**EXERCISE GOAL**
Look through the records below for the line holding "ModaCar Gece Sürüş". Write it out exactly, with each following line through the line holding "06a_VIVAT-DISCAT-DOCEAT-AMICIA_orange_Nolte_1800px".

**INFORMATION PROVIDED**
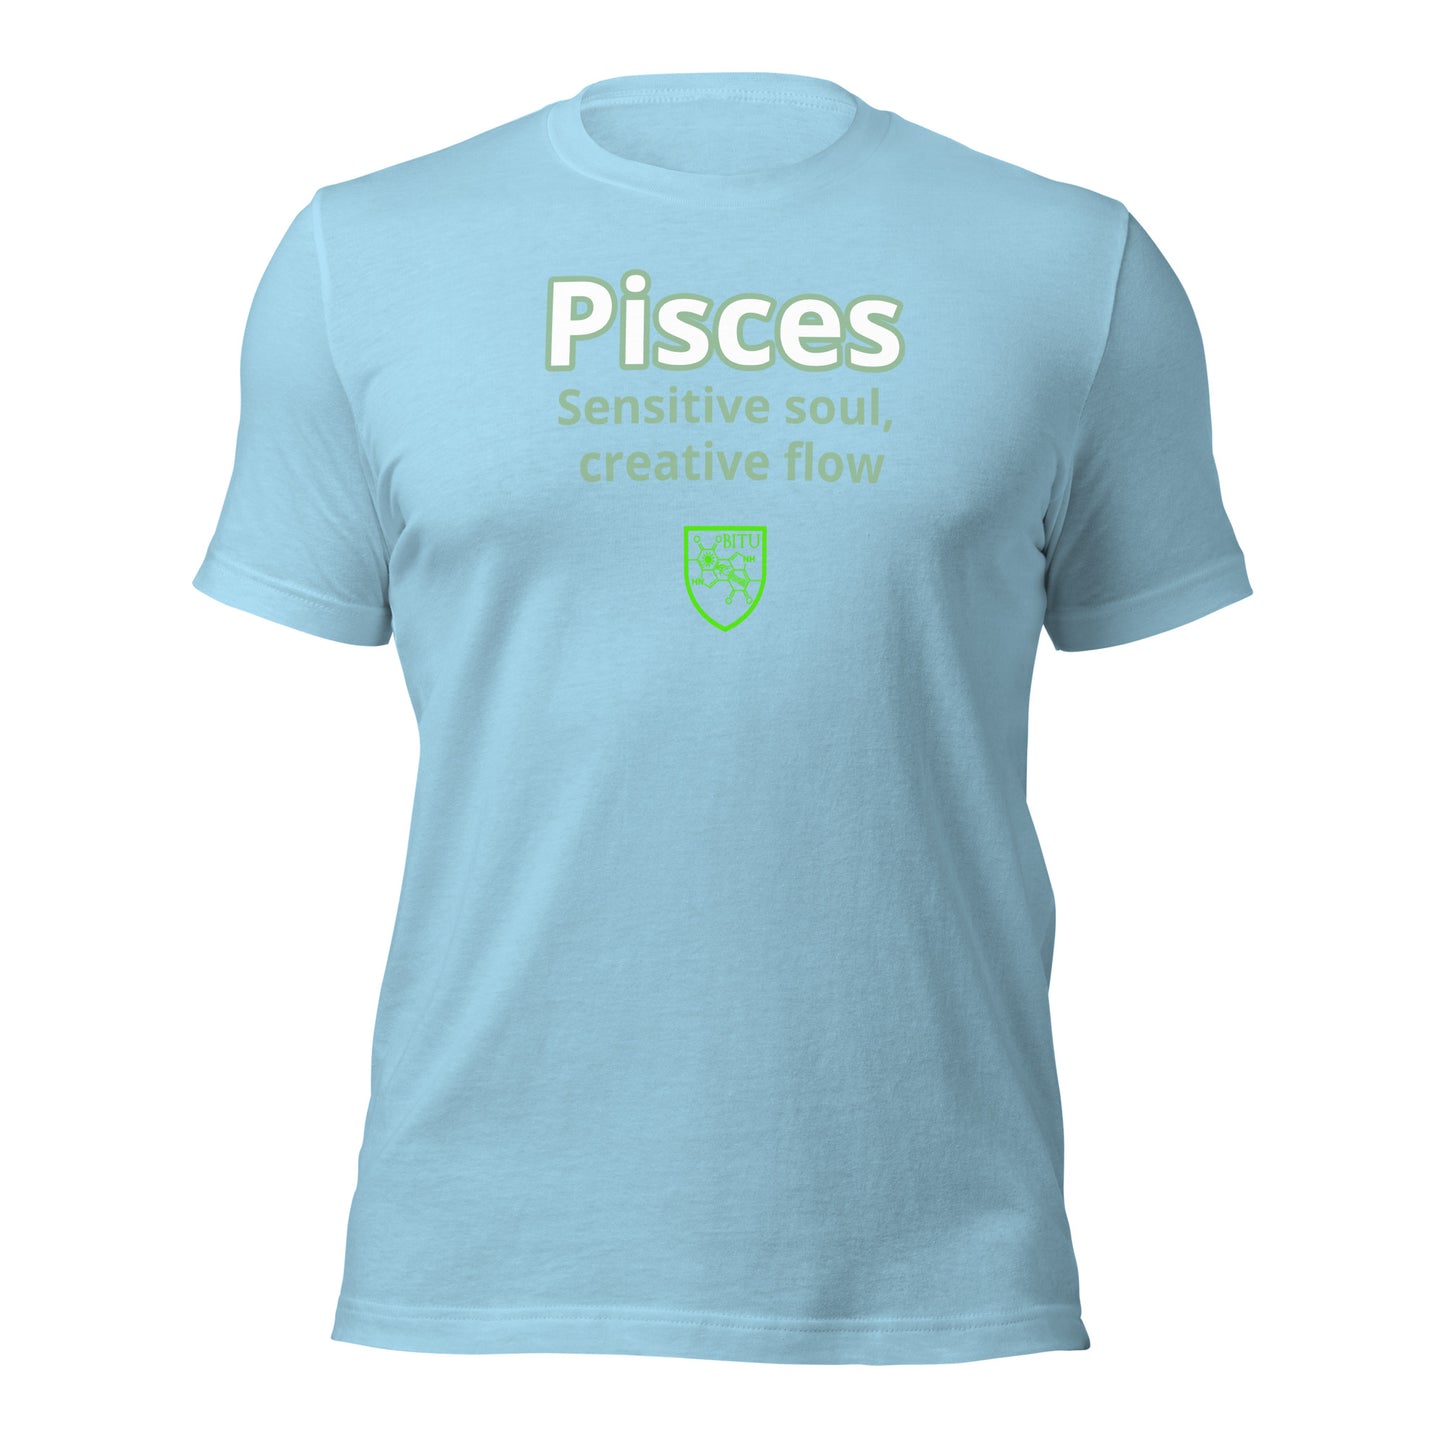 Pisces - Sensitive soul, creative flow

--

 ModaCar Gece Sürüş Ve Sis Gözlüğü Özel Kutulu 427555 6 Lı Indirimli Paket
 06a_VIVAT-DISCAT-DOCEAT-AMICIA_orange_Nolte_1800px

**REPLY**
 ModaCar Gece Sürüş Ve Sis Gözlüğü Özel Kutulu 427555 6 Lı Indirimli Paket
 06a_VIVAT-DISCAT-DOCEAT-AMICIA_orange_Nolte_1800px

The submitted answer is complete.